▶ WHAT THE TASK ASKS: Could you give again exactly, and only, the lines from the one holding "Karisma Club's logo and business card design" through the end of the data, both ends included, with pictures left out?
==== MATERIAL PROVIDED ====
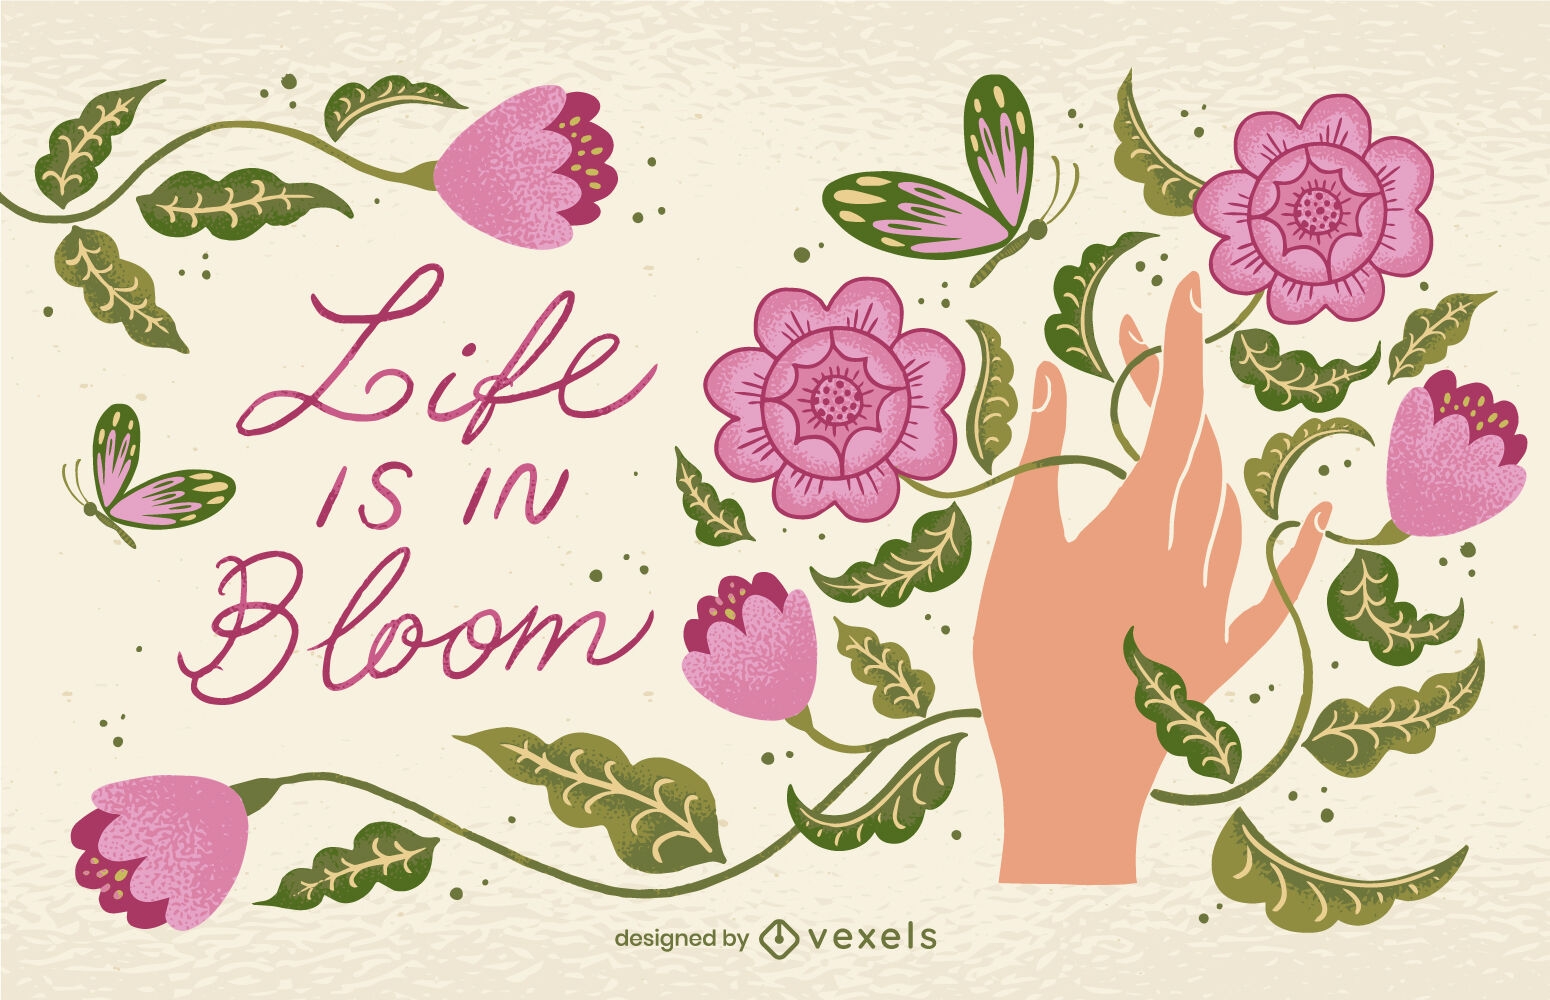 La vida est? en flor, dise?o de ilustraciones.
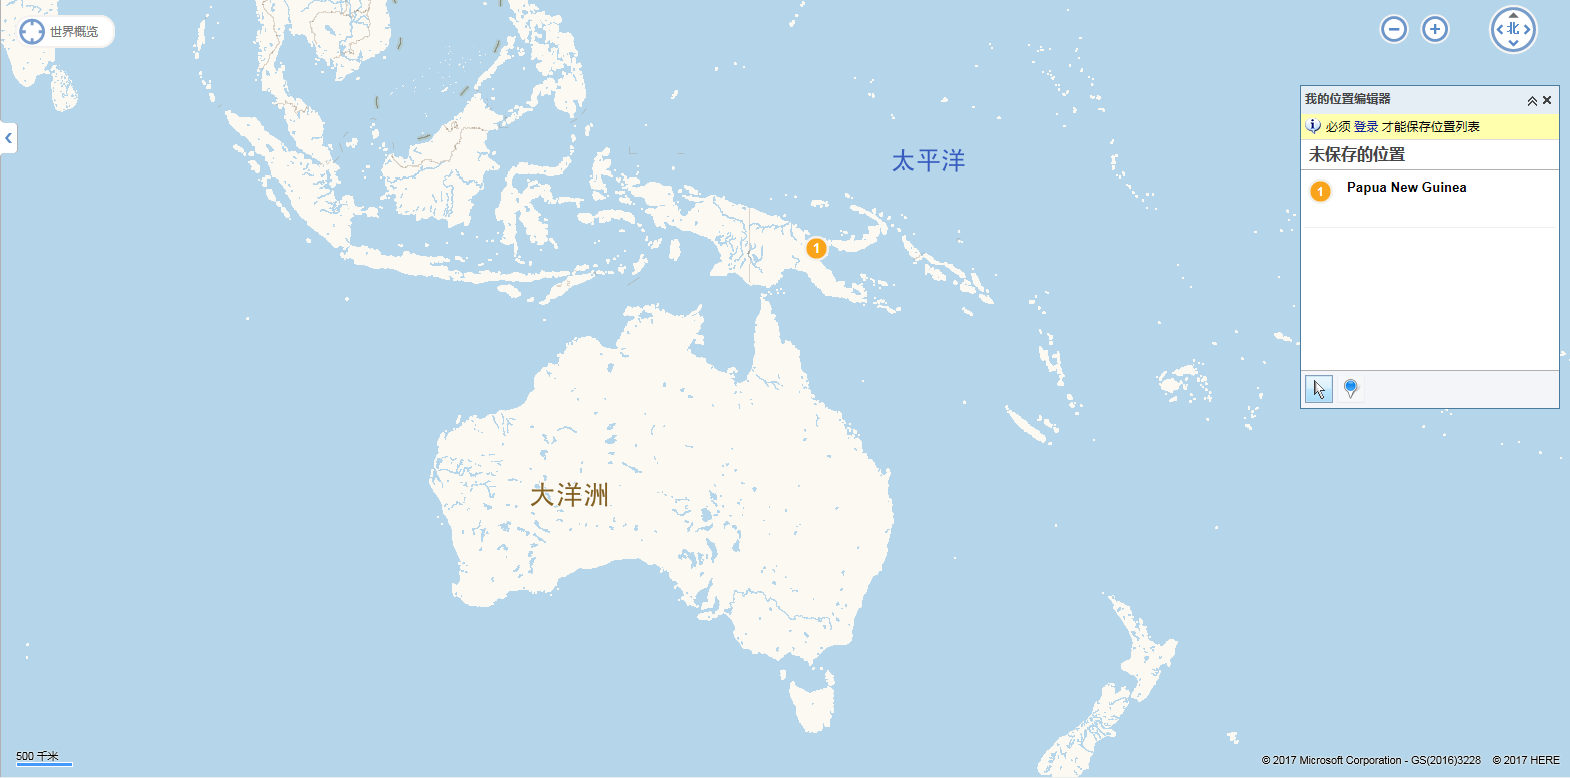 巴布亚新几内亚的位置
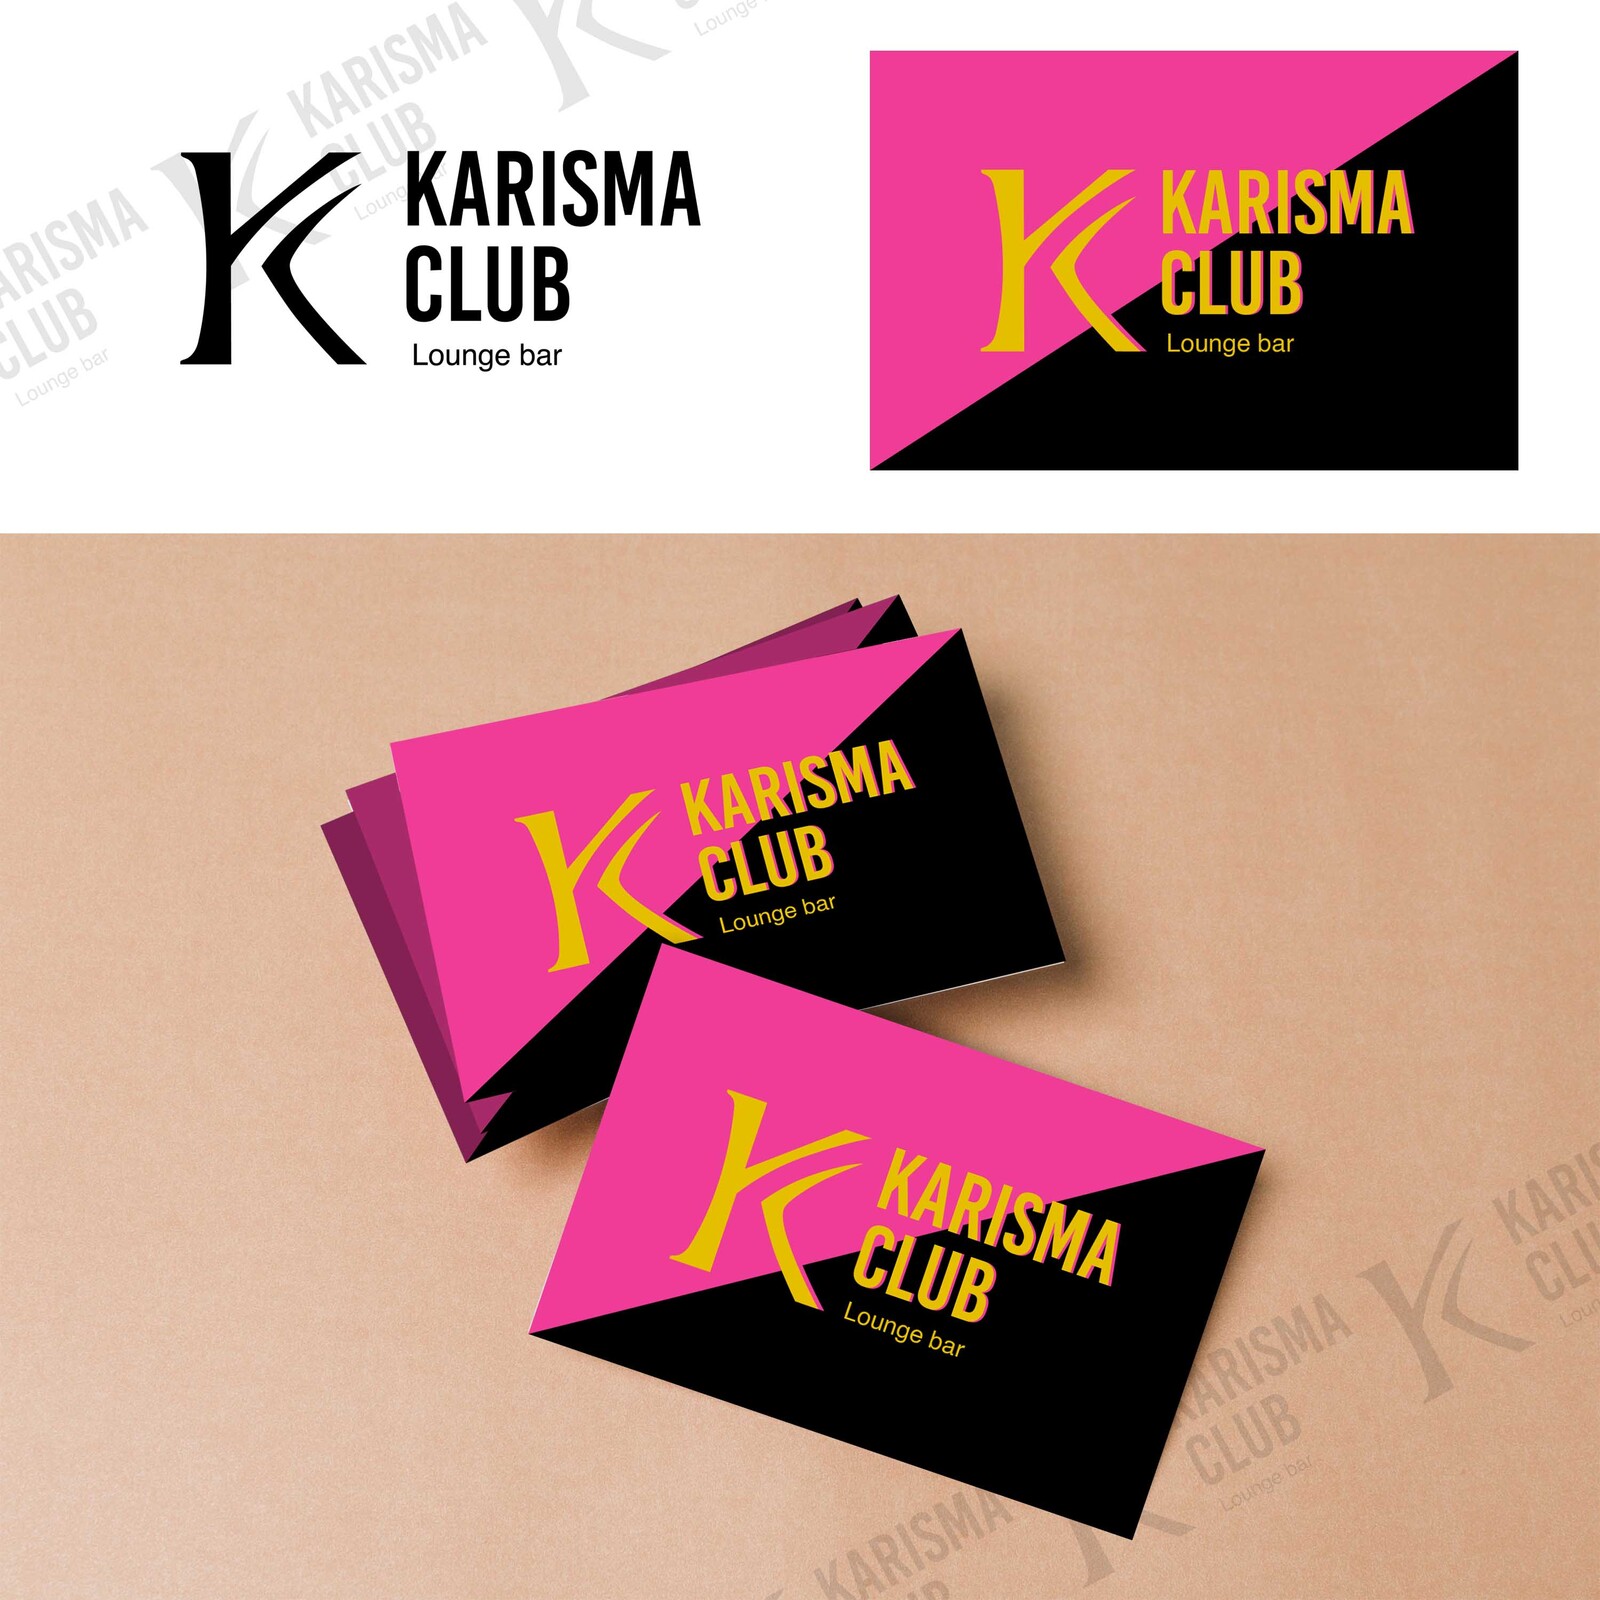 Karisma Club's logo and business card design
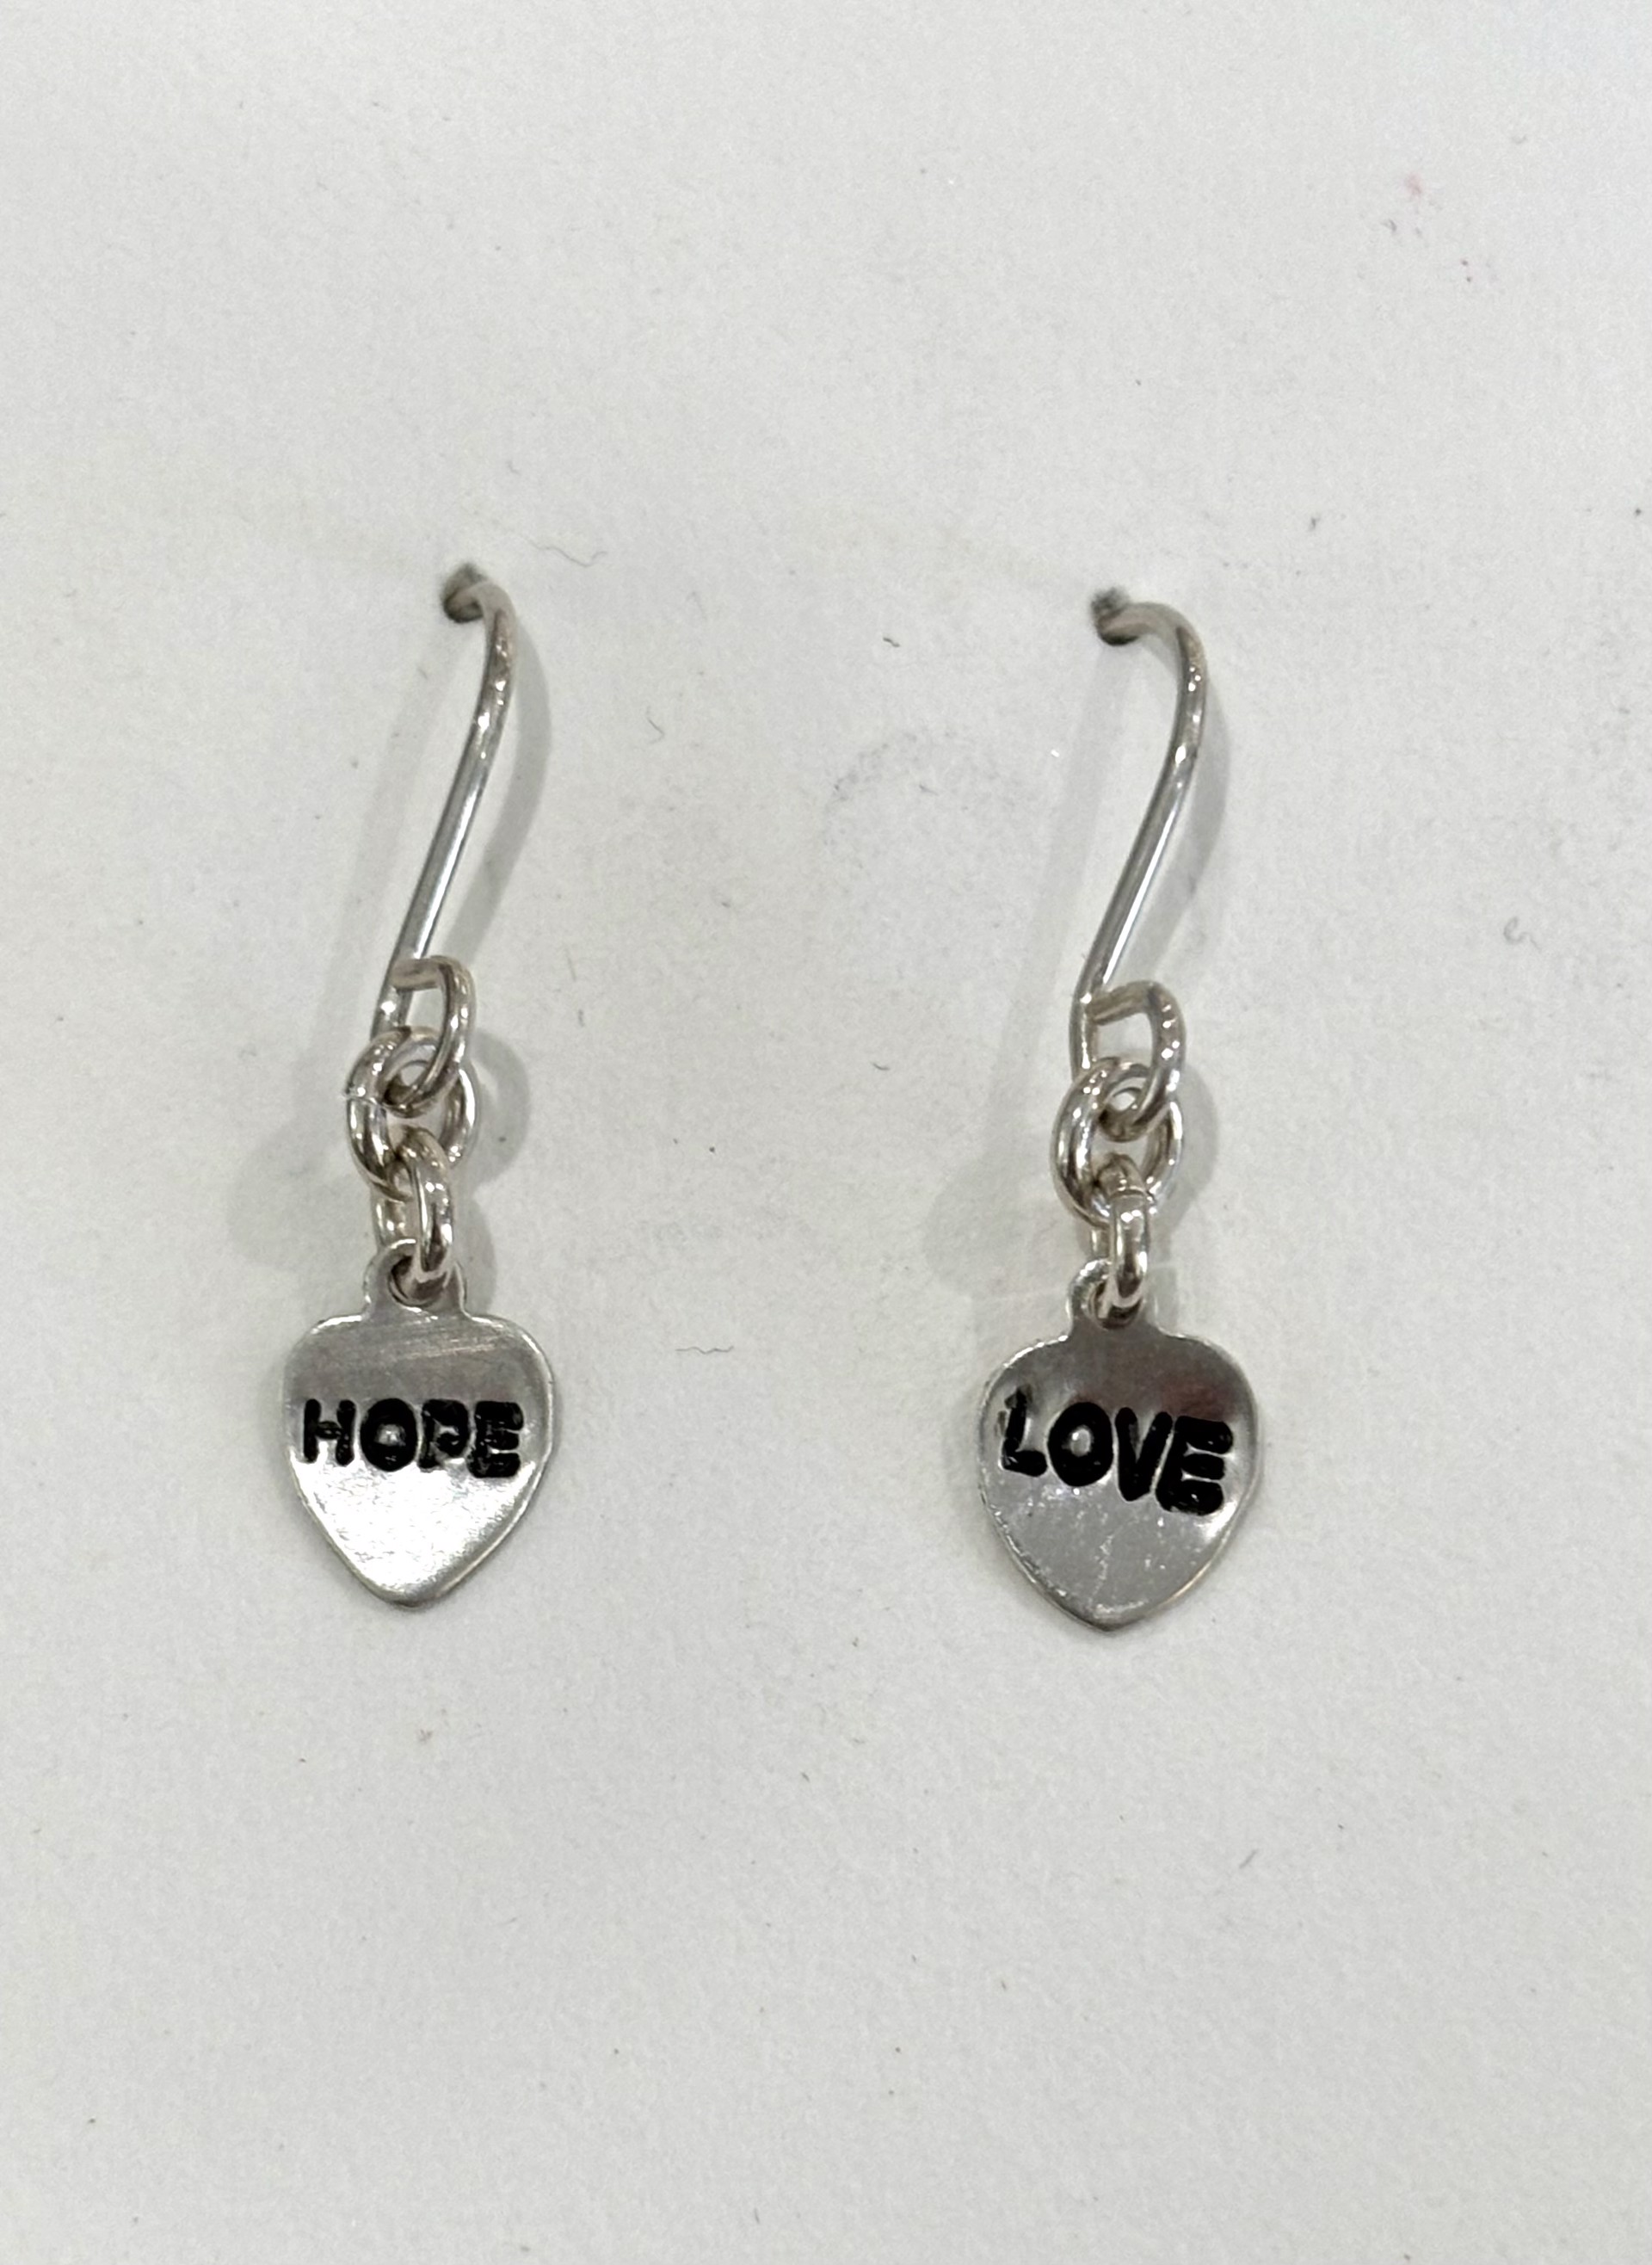 Hope and Love Earrings by Emelie Hebert
====
▶ ANSWER FOR THIS EXERCISE:
 Karisma Club's logo and business card design
 Hope and Love Earrings by Emelie Hebert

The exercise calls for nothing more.